Medial-lateral force (Fy): This is the force parallel to the ground and in the left/right direction.
By analyzing the force-time curve for each of these measurements, it is possible to determine the RFD.
Using Force Plates to Analyze RFD
To analyze RFD using force plates, the following steps can be taken:
Collect data using force plates during a specific activity, such as a vertical jump or a bench press.
Calculate the force-time curve for each of the GRFs measured by the force plates.
Identify the onset of muscle contraction (when the force begins to increase) and the peak force.
Calculate the RFD as the slope of the force-time curve between 0 and 200 ms from the onset of muscle contraction.
Repeat the analysis for multiple trials and take the average RFD.
Using Data from Force Plates to Determine Muscle Fiber Type and Training Needs
While force plates can be used to measure RFD, they cannot directly determine muscle fiber type.

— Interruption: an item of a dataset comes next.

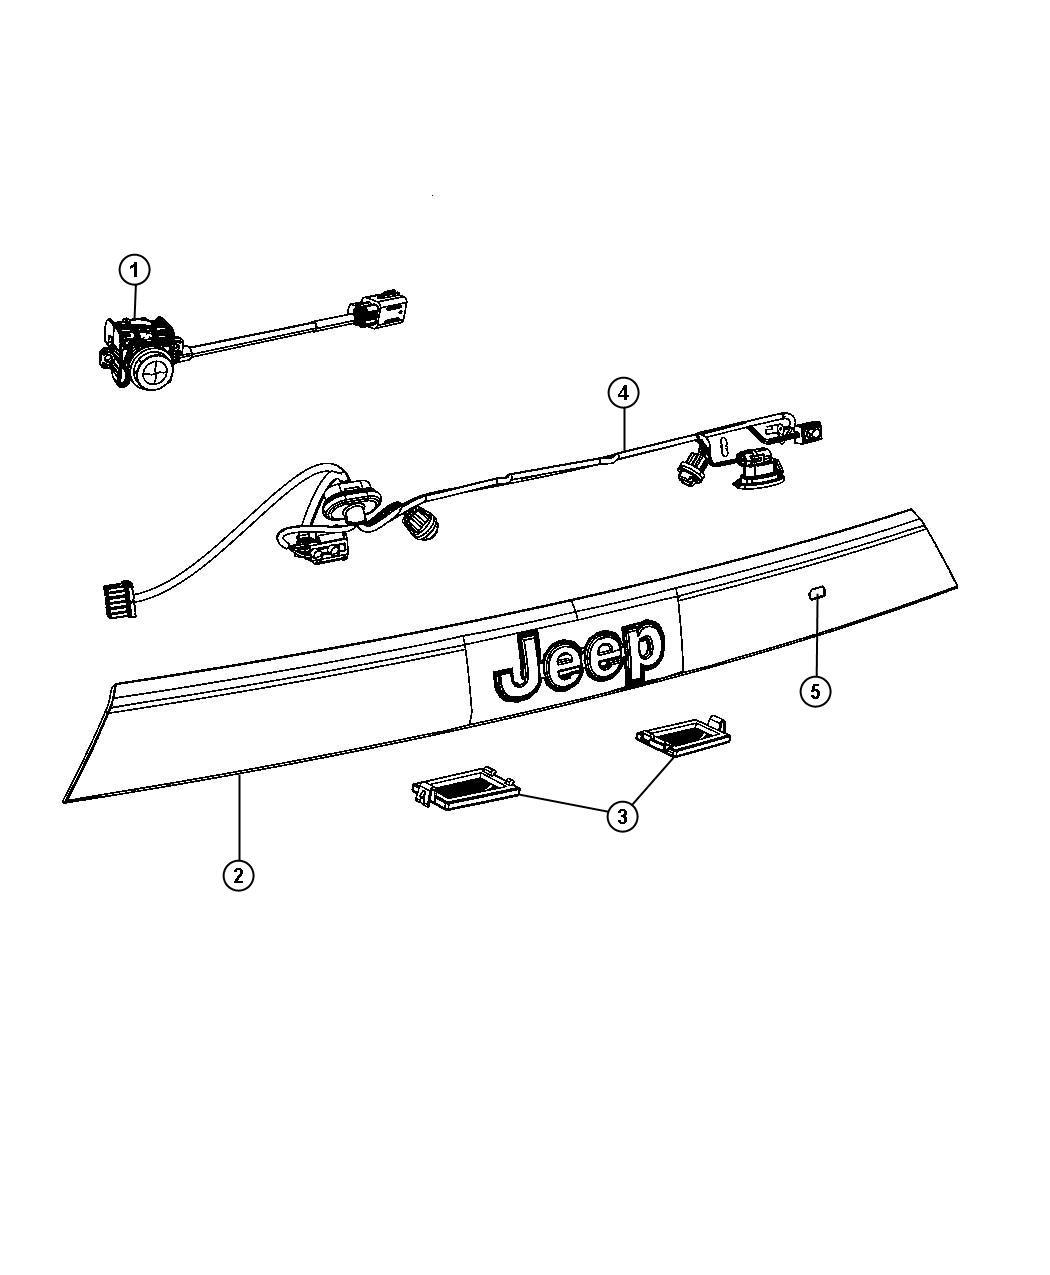 Jeep Grand Cherokee Camera Xac Rear Back

However, there is evidence to suggest that RFD is positively correlated with fast-twitch muscle fibers (type II fibers) (1).
To determine muscle fiber type, a muscle biopsy is typically performed and analyzed under a microscope. However, there are indirect measures that can be used to estimate muscle fiber type, such as electromyography (EMG) and velocity-based training.
EMG measures the electrical activity of muscle fibers and has been shown to be a reliable indicator of muscle fiber type (2). Velocity-based training involves measuring the speed of the bar during a lift and using this information to estimate the force produced by the lifter. This method has also been shown to be a reliable indicator of muscle fiber type (3).
Once muscle fiber type has been determined, training needs can be identified. For example, individuals with a higher proportion of fast-twitch muscle fibers may benefit from training methods that prioritize explosive power and strength, such as plyometrics and weightlifting.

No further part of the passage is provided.